TortDeform: The Civil Justice Defense Blog

Justinian Lane

Media Coverage of the Tort System

For three or four weeks now, I’ve been working on a paper dealing with several issues, including the role the media plays in the litigation cycle. The paper isn’t quite ready for public consumption yet, but at least one portion of it is: the portion dealing with the imbalanced media coverage of lawsuits. (However, please excuse the lack of complete citations in this excerpt. They will be present in the final paper.)

If anyone is aware of any study that disproves the assertion that media coverage doesn’t accurately portray the state of the civil justice system, please let me know. I hope to have the full paper completed and posted before April 1st, and readers are hereby invited to harass me via email if I do not.
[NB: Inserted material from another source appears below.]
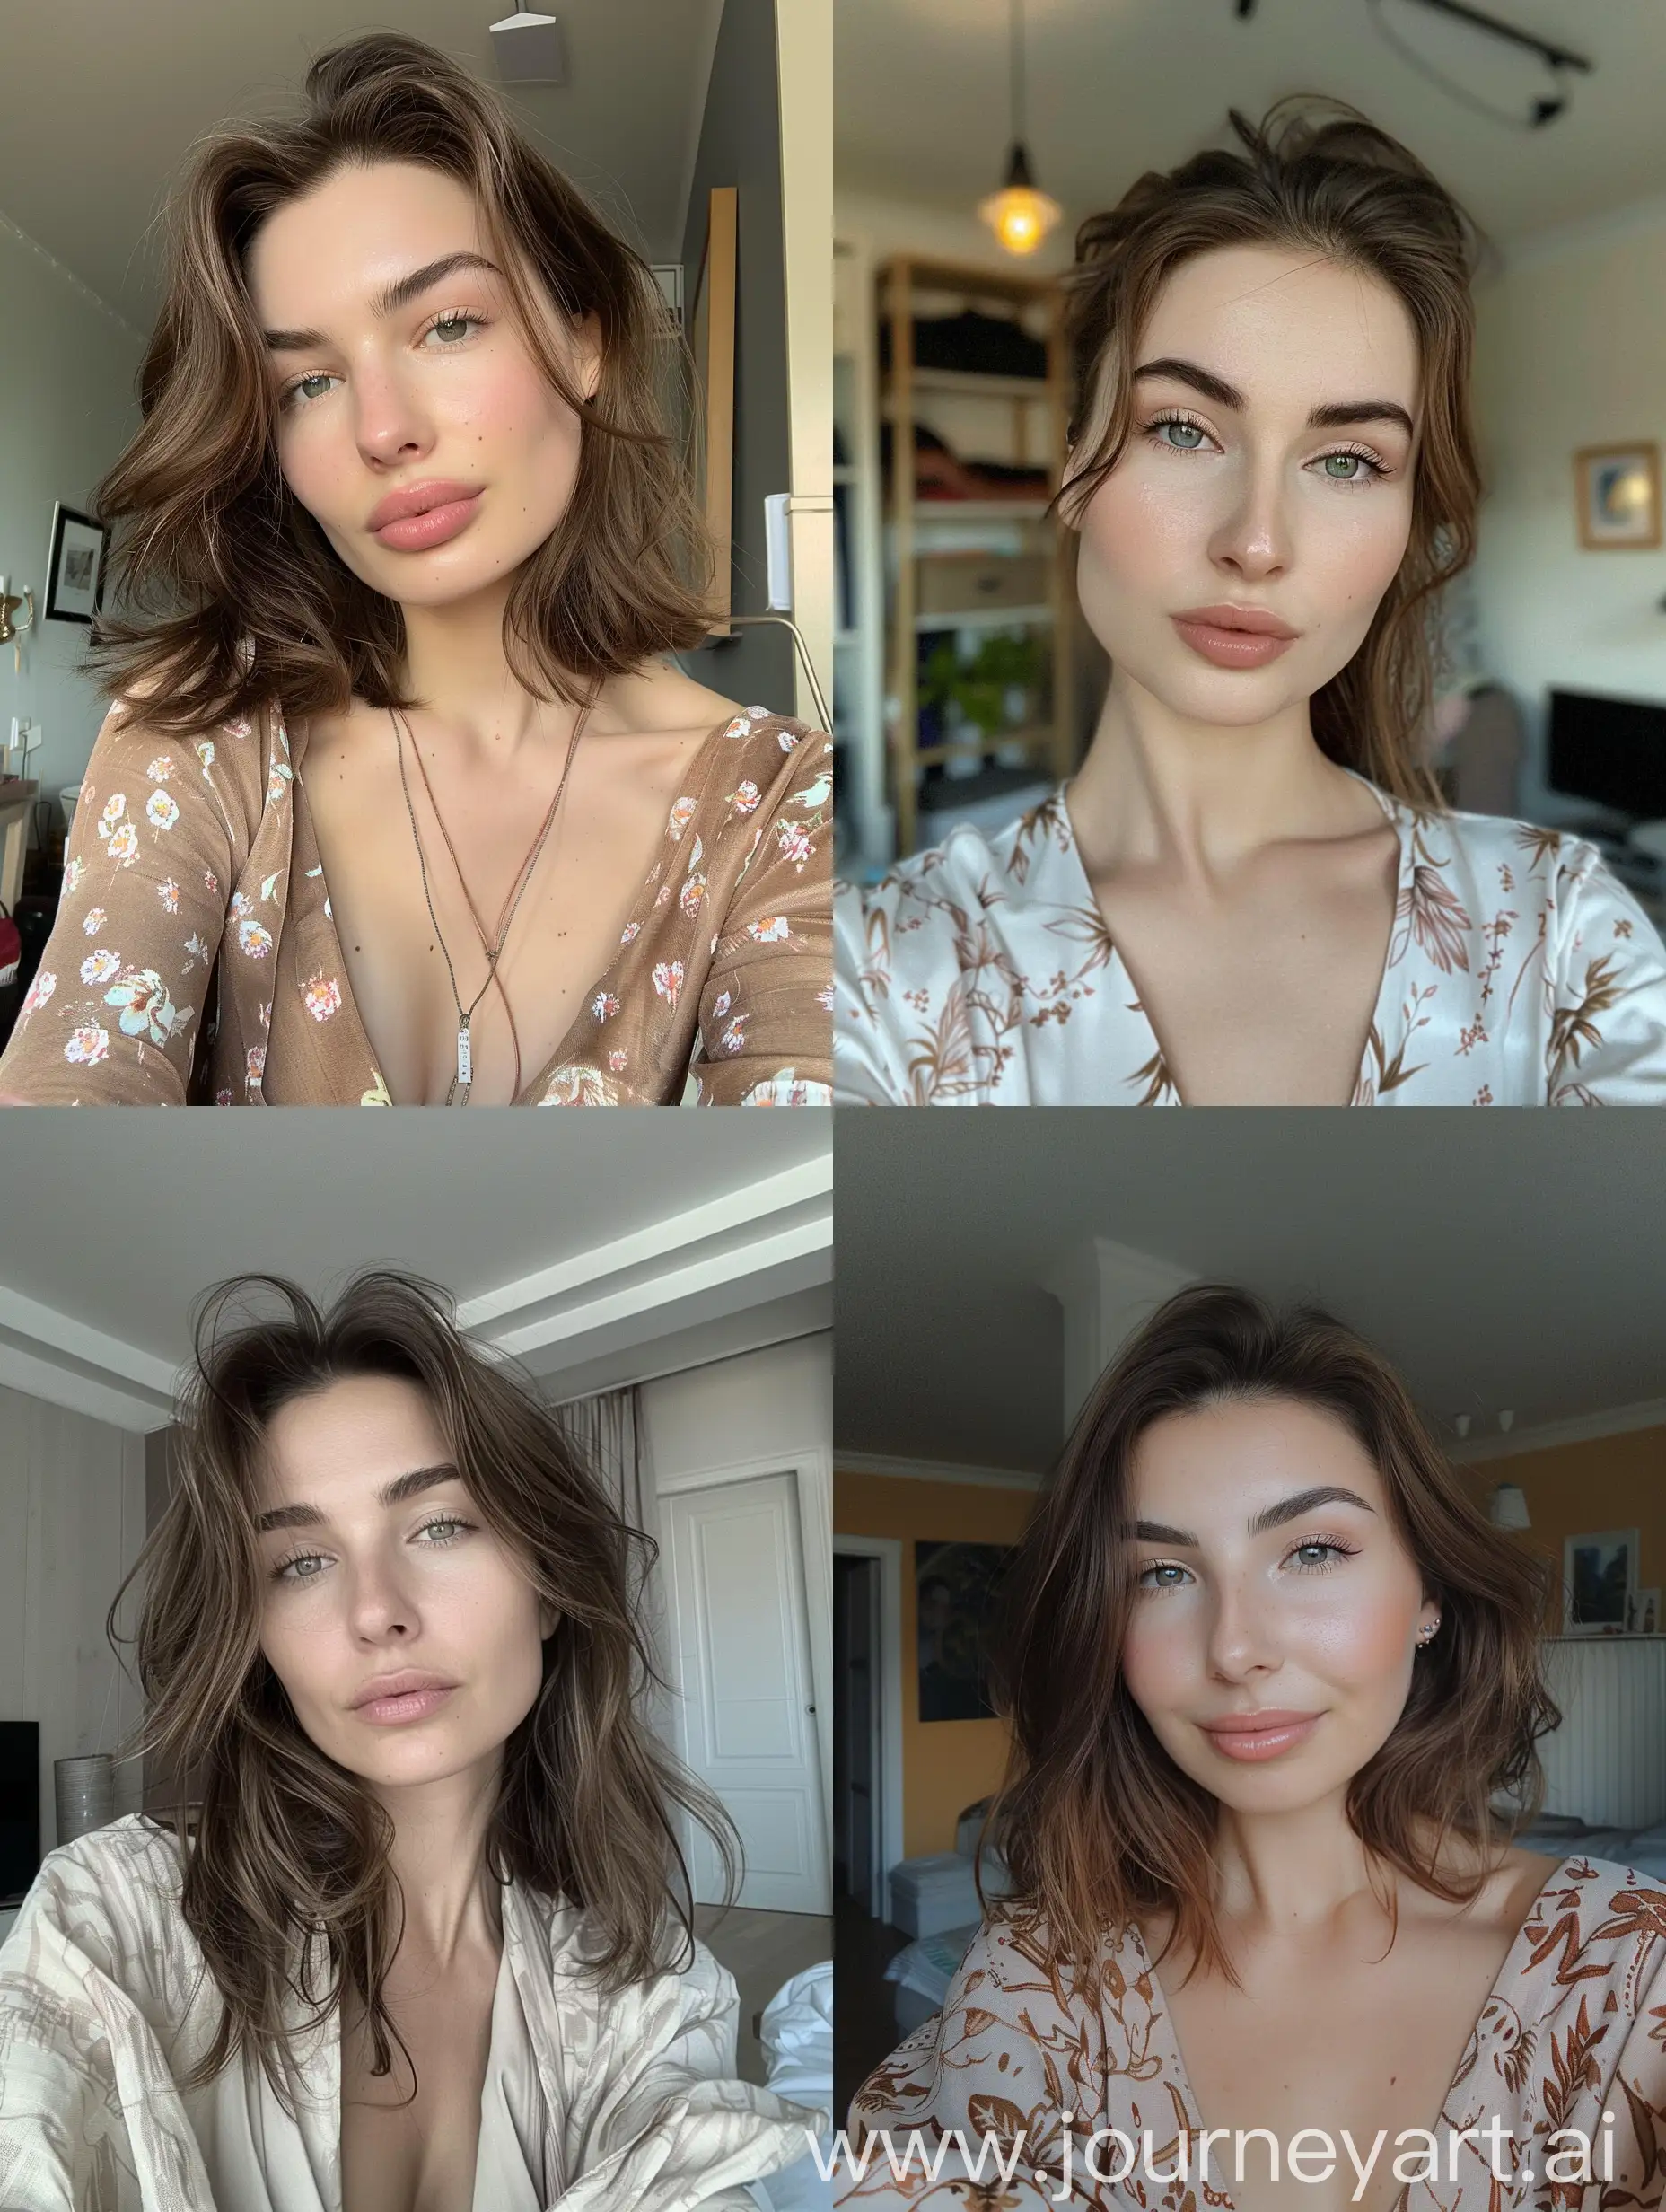 Interior selfie of a beautiful woman with beautiful Slavic features, clear view of her face, home interior background, wearing different clothes, shot on a low camera quality phone, suitable for account verification purposes,

Punitive Damages and Press Coverage

Dr. Steven Garber and Dr. Anthony Bower of RAND studied media coverage of product liability lawsuits filed against the automotive industry from 1983 to 1996. They found that a “substantial” factor in determining whether a product liability lawsuit receives media coverage is whether punitive damages were awarded.

As shown below, punitive damages were assessed in only 4% of cases, but they received 62% of the media coverage of all lawsuits in the study.

press.jpg

The authors of the study noted, “It is not surprising that newspaper coverage of plaintiff victories is considerably more prevalent than coverage of defendant victories, but the degree of the difference is striking.” Indeed. With such an imbalance in media coverage of tort trials, is it any wonder so many consumers believe there is a litigation crisis?

Another interesting statistic one could derive from this study is that of the ratio of plaintiff wins vs. losses: Plaintiffs lost almost three out of four cases filed. Admittedly, the study sampled only a very small number of lawsuits in a very narrow segment, but if that figure is even close to the national average of product liability win/loss ratios, one might wonder whether any purported bias in the civil justice system is actually in favor of defendants.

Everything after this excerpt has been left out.